而随着那侍卫将盒子打开后,里面是一个布包,将其解开后,入目的则是白花花的银子,其数额足足有百两左右。
这些银钱,足以证明那石匠的身份不简单。
毕竟在这样偏僻的镇上,一个普通的石匠怎能会拥有如此的巨款?
贺临刚刚放松的神经再次绷紧,他猛地转头看向石匠的妻子,尽可能让自己冷静的询问。
“大姐,这些银子是从何处而来的?”
而此时,那女人早已经吓得脸色苍白。
她连连的摇头,却是连话都要说不利索了。
“我,官爷啊,我当真是不知的,我家男人也从未说过他有这些钱。”
“他前些日子的确说是接了个大活,天天早出晚归,神神秘秘的,但也不跟我多说什么,只说让我安心,说事成了之后会赚一大笔钱,够家里面吃吃喝喝好些年。

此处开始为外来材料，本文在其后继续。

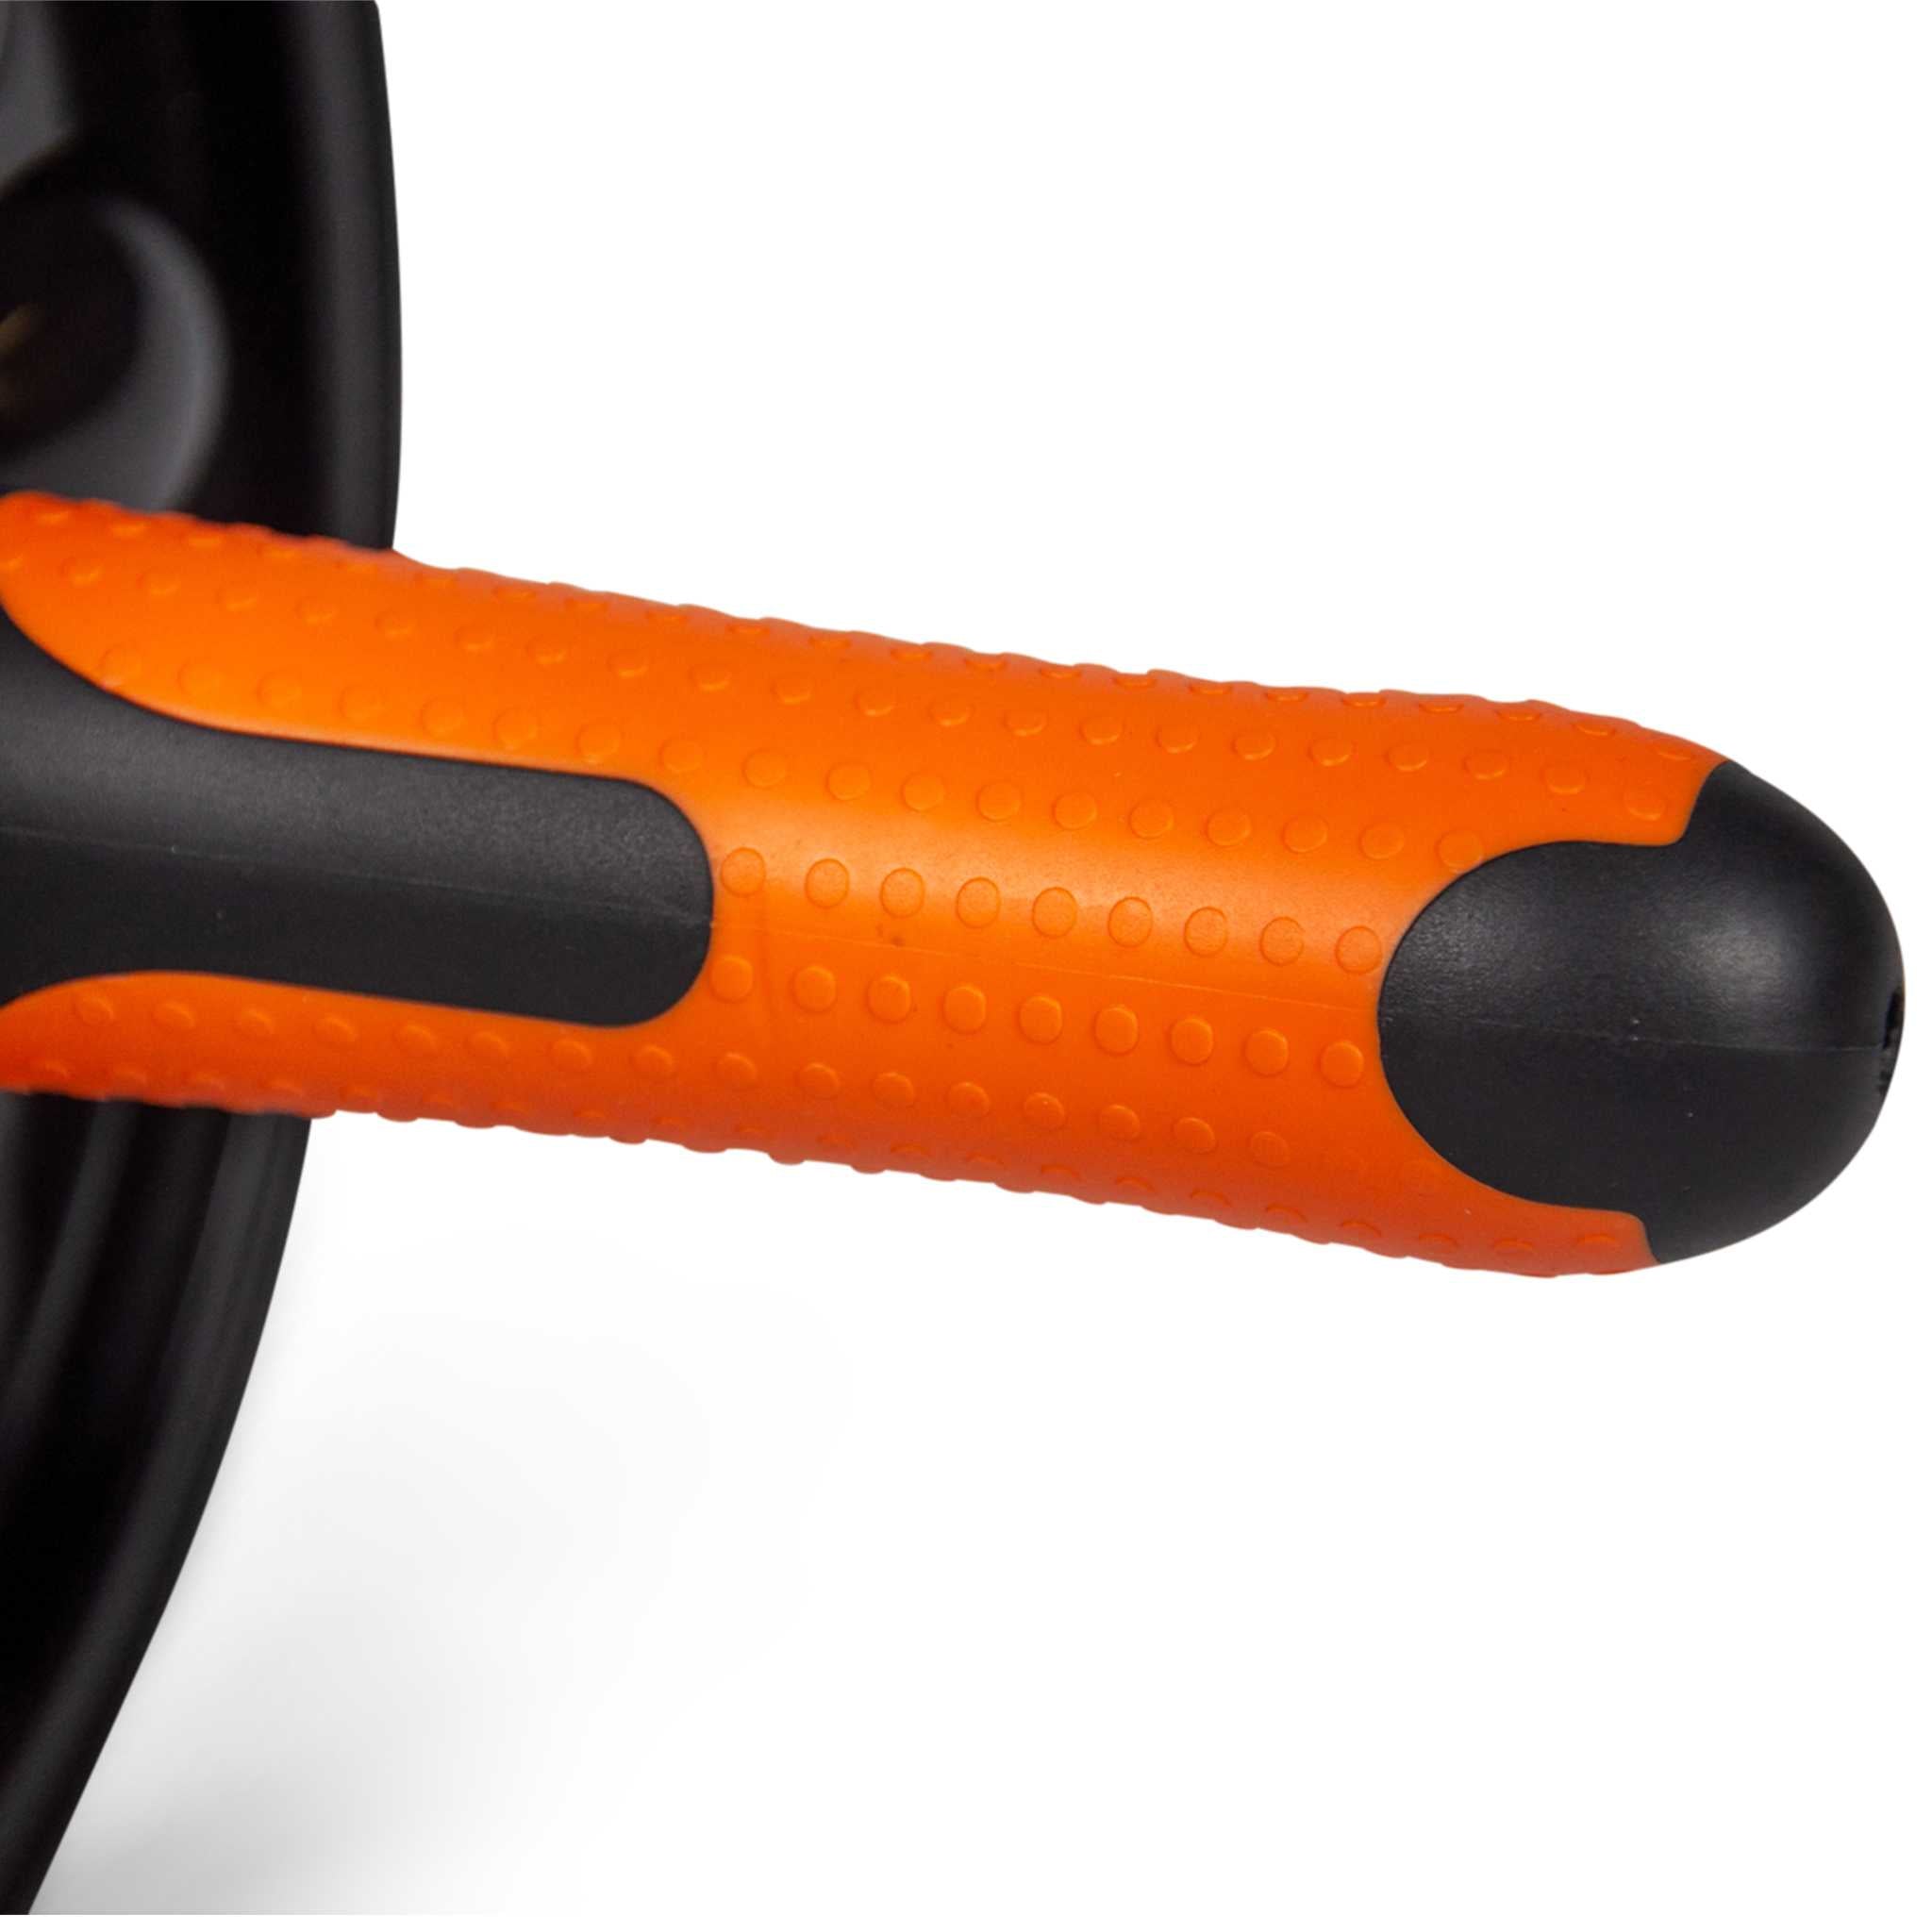 Deluxe Ab Roller, Double Wheel Upper Body Exerciser, Exclusive Design

”
“可我真的不曾想有这么多钱,我真的不知道啊……”
姜婴看着这妇人的情况,也知道留下贺临一个人足够。
她便对着谢芸使了个眼色,两人悄然的起身,走到院门口。
果然就见对面的大榕树下面,有不少闻讯而来的邻居凑在那里,低头接耳。
“哎哟,这大嫂可真是可怜啊,她家男人这一走,留下这孤儿寡母可怎么好啊?”
“我真是想不明白了,她家男人手艺好,人也好,平日里就是喜欢喝点小酒,也没什么别的毛病,可谁成想……”
“这好人就不长命啊,怎么就这么不明不白的就走了?”
“可不是么?前两天他来我这儿买酒的时候,还兴致勃勃的说接了一桩大买卖,说东家十分阔气,给了他不少定钱,这一眨眼……”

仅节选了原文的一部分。